***Çocukluğum***
Aleksey Peşkov, Maksim ve Varvara’nın oğludur. Ancak Alyoşa, henüz dört yaşındayken babası Maksim, koleradan genç yaşta hayatını kaybeder. Bu kaybın ardından Aleksey, dedesi Vasili, büyükannesi Akulina ve annesi Varvara ile yaşamaya başlar.
Dedesi Vasili, dönemin orta direklerinden biri olarak kabul edilse de sürekli ekonomik krizlerin eşiğinde bir boya dükkanı işletir. Sert ve otoriter bir karaktere sahip olan Vasili, kadınların ve çocukların yaptıkları hataları dayakla öğrenebileceklerini savunur. Üstelik bu görüşünü bizzat uygulayan, kibirli ve ukala bir adamdır.

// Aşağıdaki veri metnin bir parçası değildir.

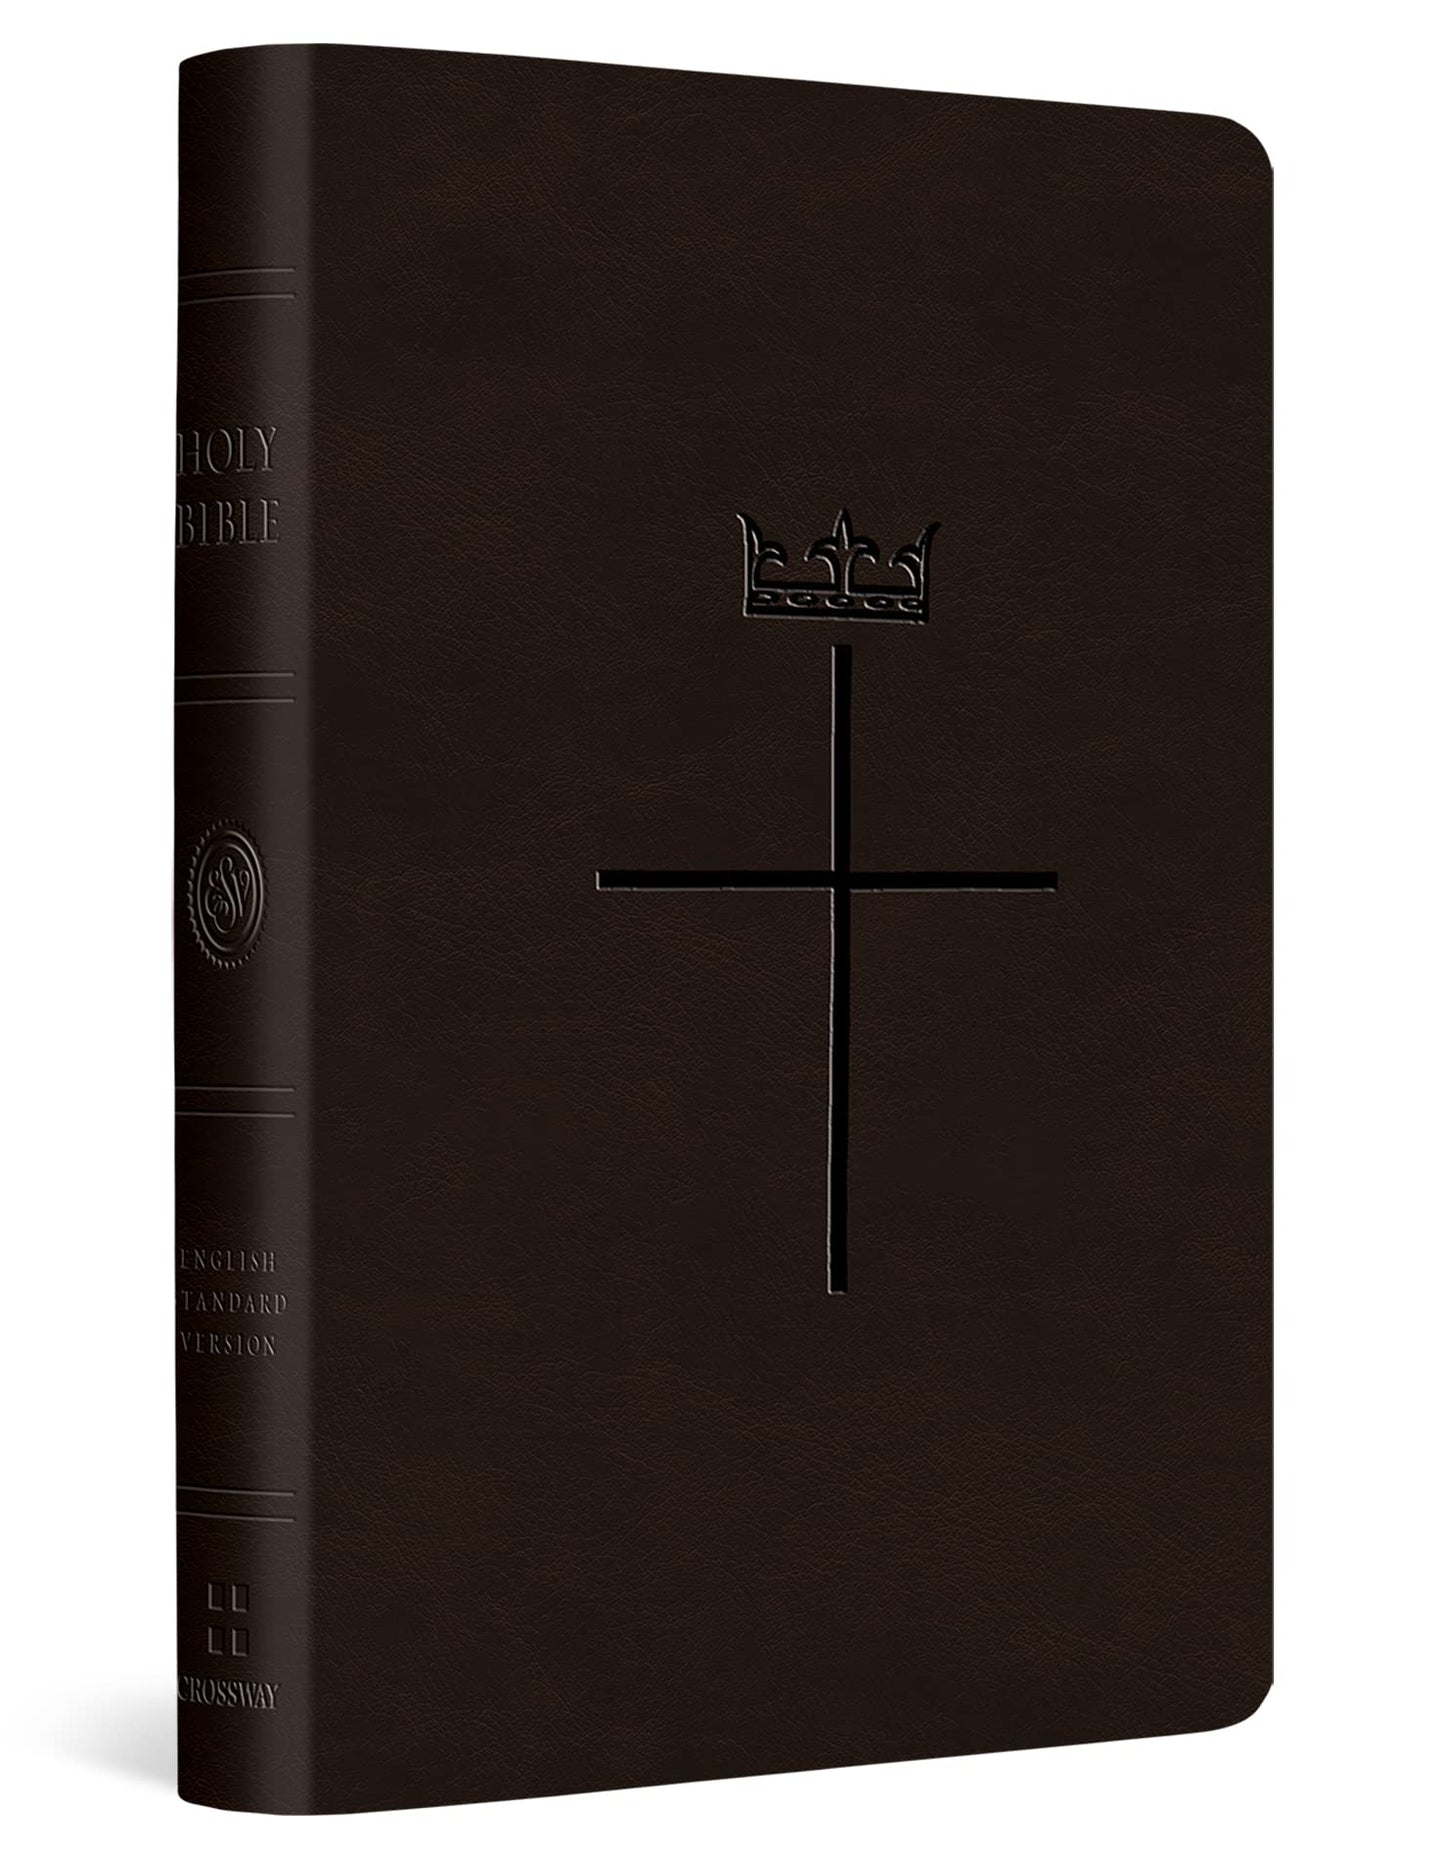 ESV Value Compact Bible >>OUT OF PRINT<<

Büyükannesi Akulina İvanovna ise kocasının tam zıddı bir kişiliğe sahiptir. Müşfik, iyiliksever ve duygusal bir kadın olan Akulina, Aleksey’in hayatında derin bir etki bırakır. Özellikle babasının ölümünden sonra, Akulina’nın ilgisi ve anlattığı hikâyeler, Aleksey'in dünyaya daha pozitif bir bakış açısı geliştirmesini sağlar. Gerçekçi yaşam deneyimlerine rağmen büyükanne, onun düşünce dünyasında olumlu bir iz bırakır.

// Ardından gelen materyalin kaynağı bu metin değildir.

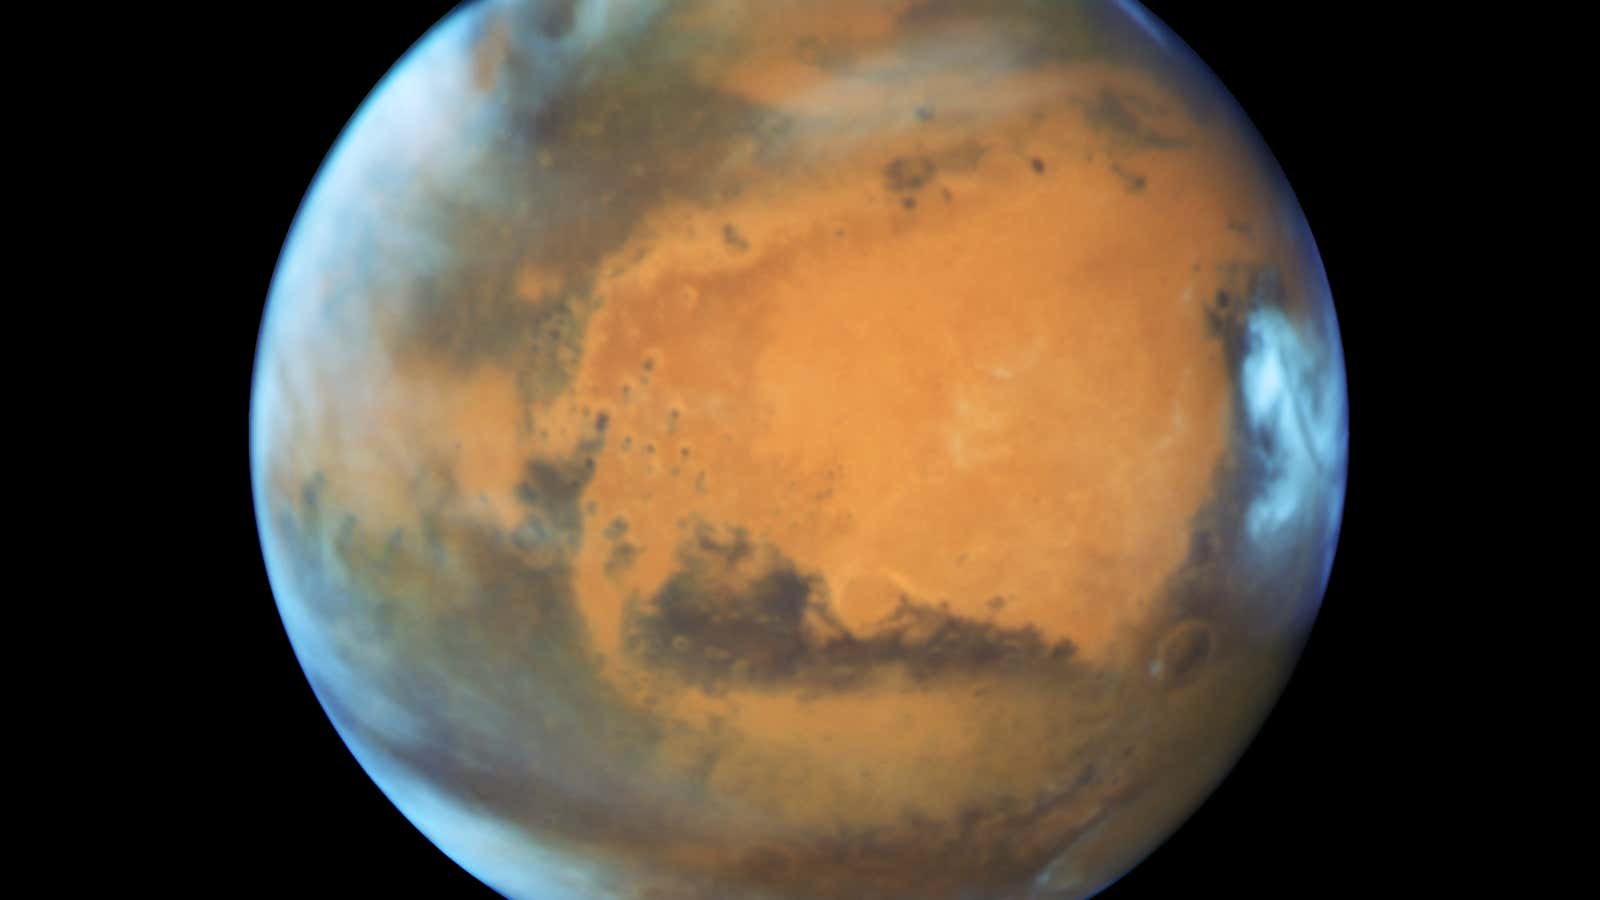 Mars, seen from the Hubble Space Telescope on May 12th.

Vasili ve Akulina’nın Varvara’dan başka Mikail ve Yakov adında iki oğulları daha vardır. Ancak bu iki dayı, çalışkan olmaktan uzak, daha çok içkiye düşkün ve babalarının mirasıyla ilgilenen kimselerdir. Hatta dayılardan biri, karısını döverek öldürecek kadar cahil ve zorba bir adamdır. Aleksey, her iki dayısını da korkak olarak tanımlar. Ancak cehaletin köşeye sıkıştığında tıpkı bir akrep gibi çevresine zarar verebildiğini belirtir.
Aleksey 11 yaşına geldiğinde annesi Varvara da hayata veda eder. Bunun üzerine dedesi Vasili, artık çalışması gerektiğini söyleyerek onu bir ayakkabıcı dükkanına gönderir. Ancak Aleksey, yaşadığı deneyimler, kitaplardan öğrendiği bilgiler ve duygusal zekasının gelişiminde büyük katkısı olan büyükannesinin etkisiyle, haksızlığa ve yalana tahammül edemeyen bir çocuk olmuştur. Bu karakter yapısı nedeniyle pek çok yalan, haksızlık ve hırsızlıkla karşı karşıya kalır ve sonunda çalıştığı yerden ayrılmak zorunda kalır.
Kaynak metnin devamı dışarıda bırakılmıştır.